### What to do
Print the listing below only from the line that has "Quinacridone Red" through the line that has "Один из прототипов 20-мм пушки HS.404", exactly, and drop any picture.

··· Dataset

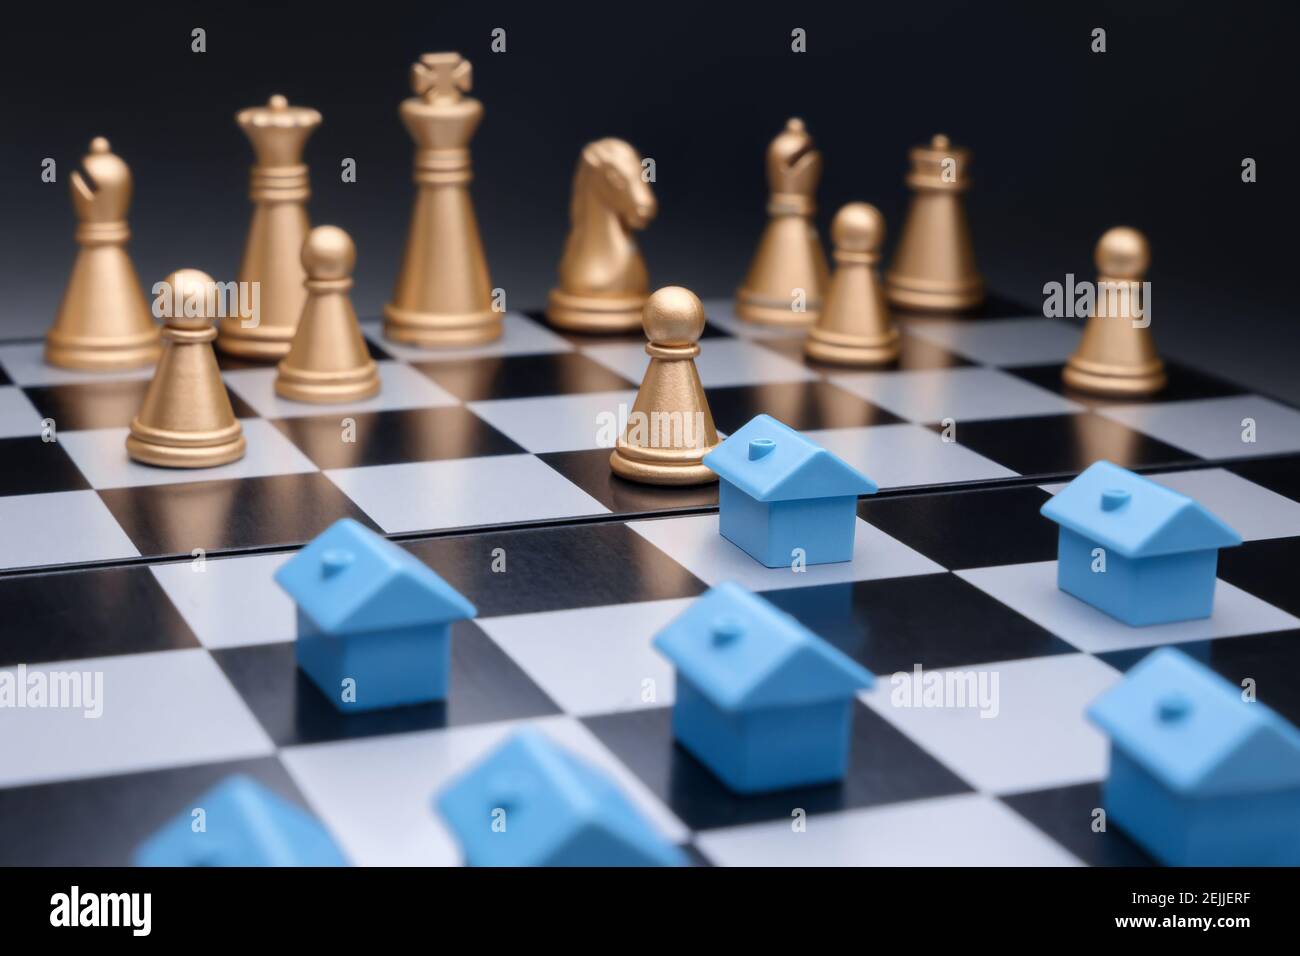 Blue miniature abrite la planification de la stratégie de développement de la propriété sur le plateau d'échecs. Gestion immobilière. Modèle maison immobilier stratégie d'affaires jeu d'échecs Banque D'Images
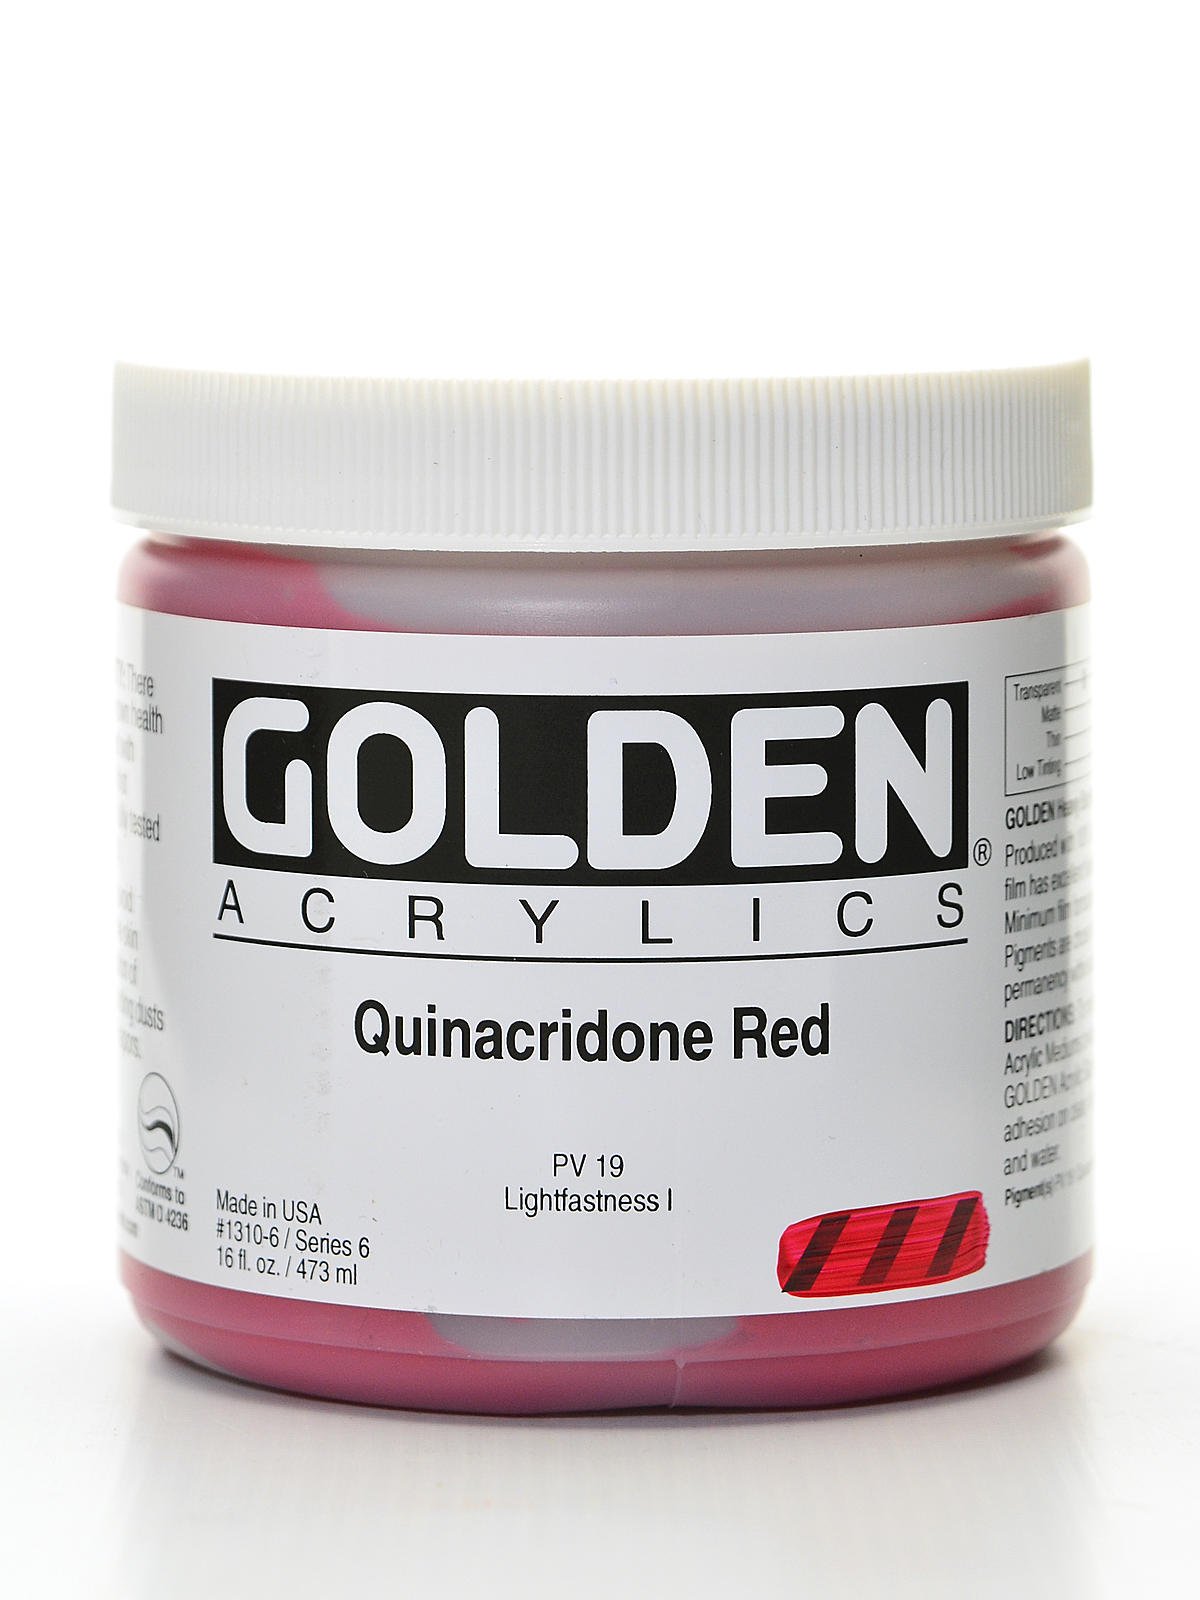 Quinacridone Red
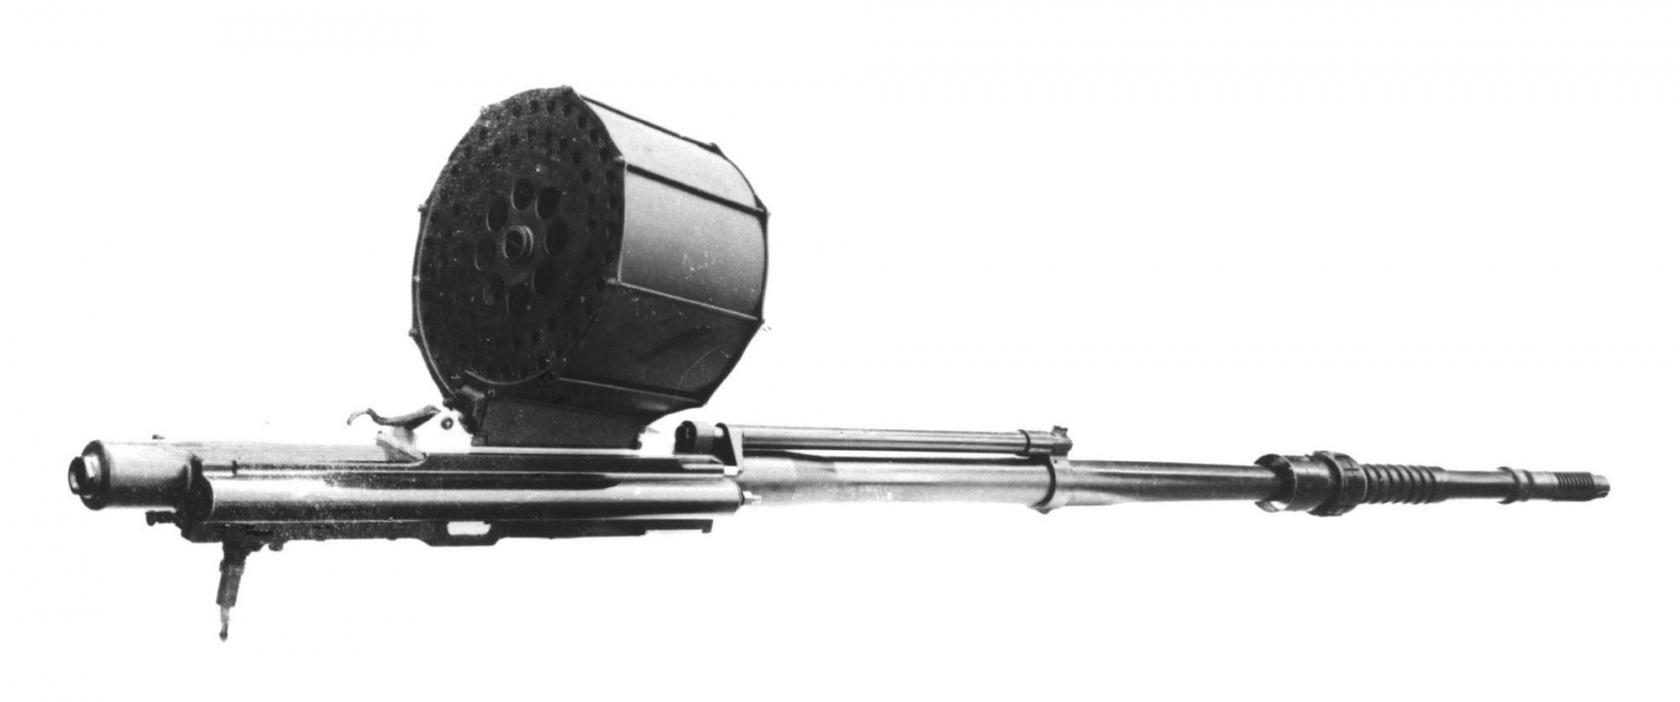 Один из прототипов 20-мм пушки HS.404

······
··· Dataset

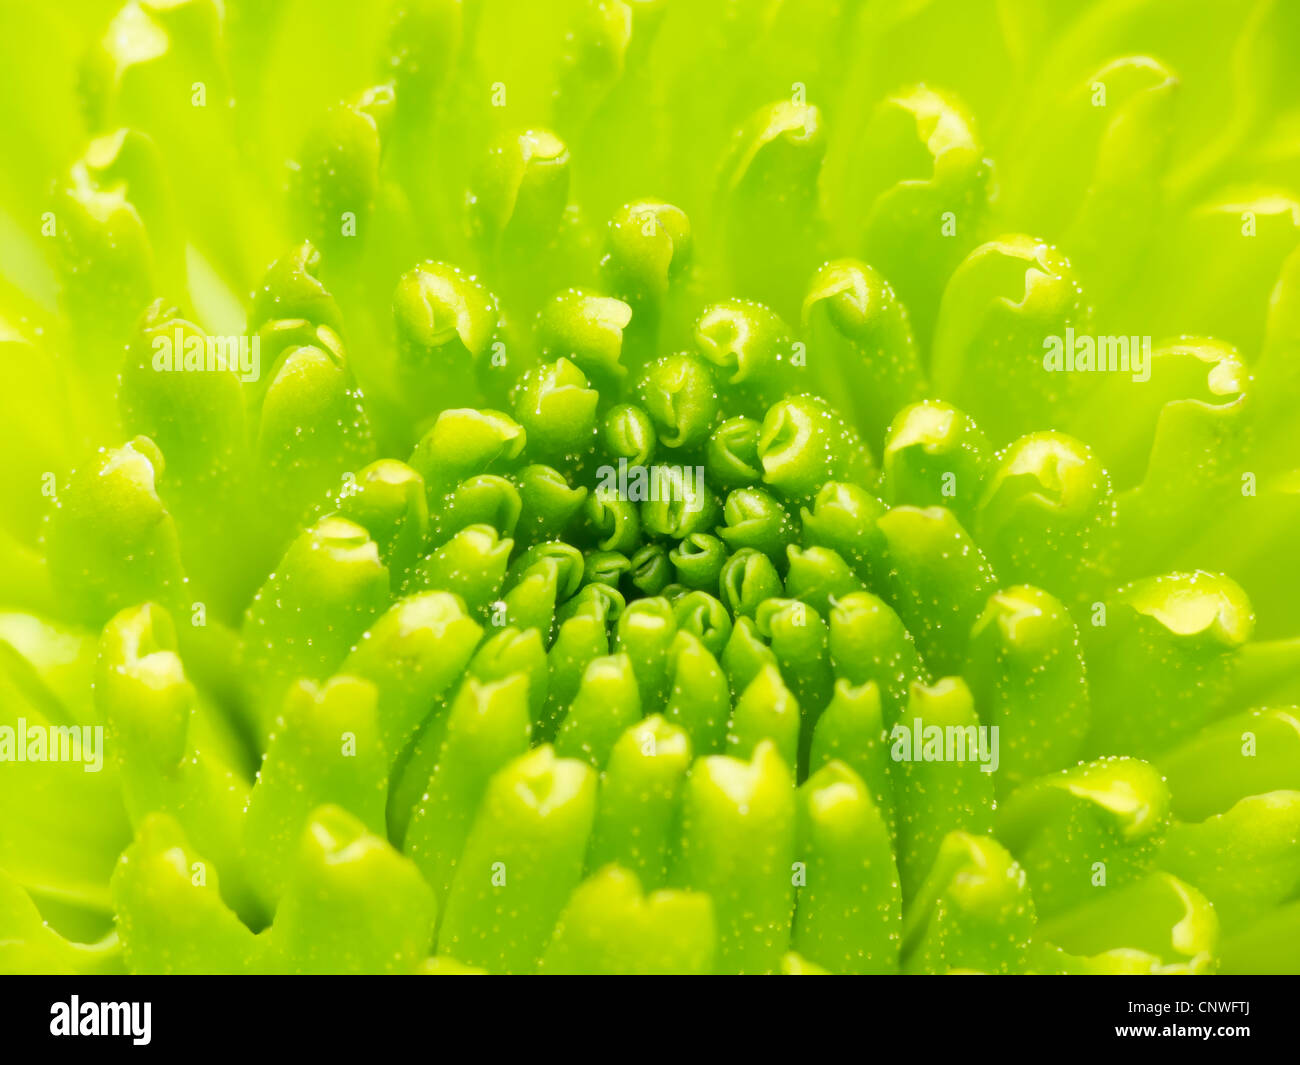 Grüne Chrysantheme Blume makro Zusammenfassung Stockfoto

······

### Task result
 Quinacridone Red
 Один из прототипов 20-мм пушки HS.404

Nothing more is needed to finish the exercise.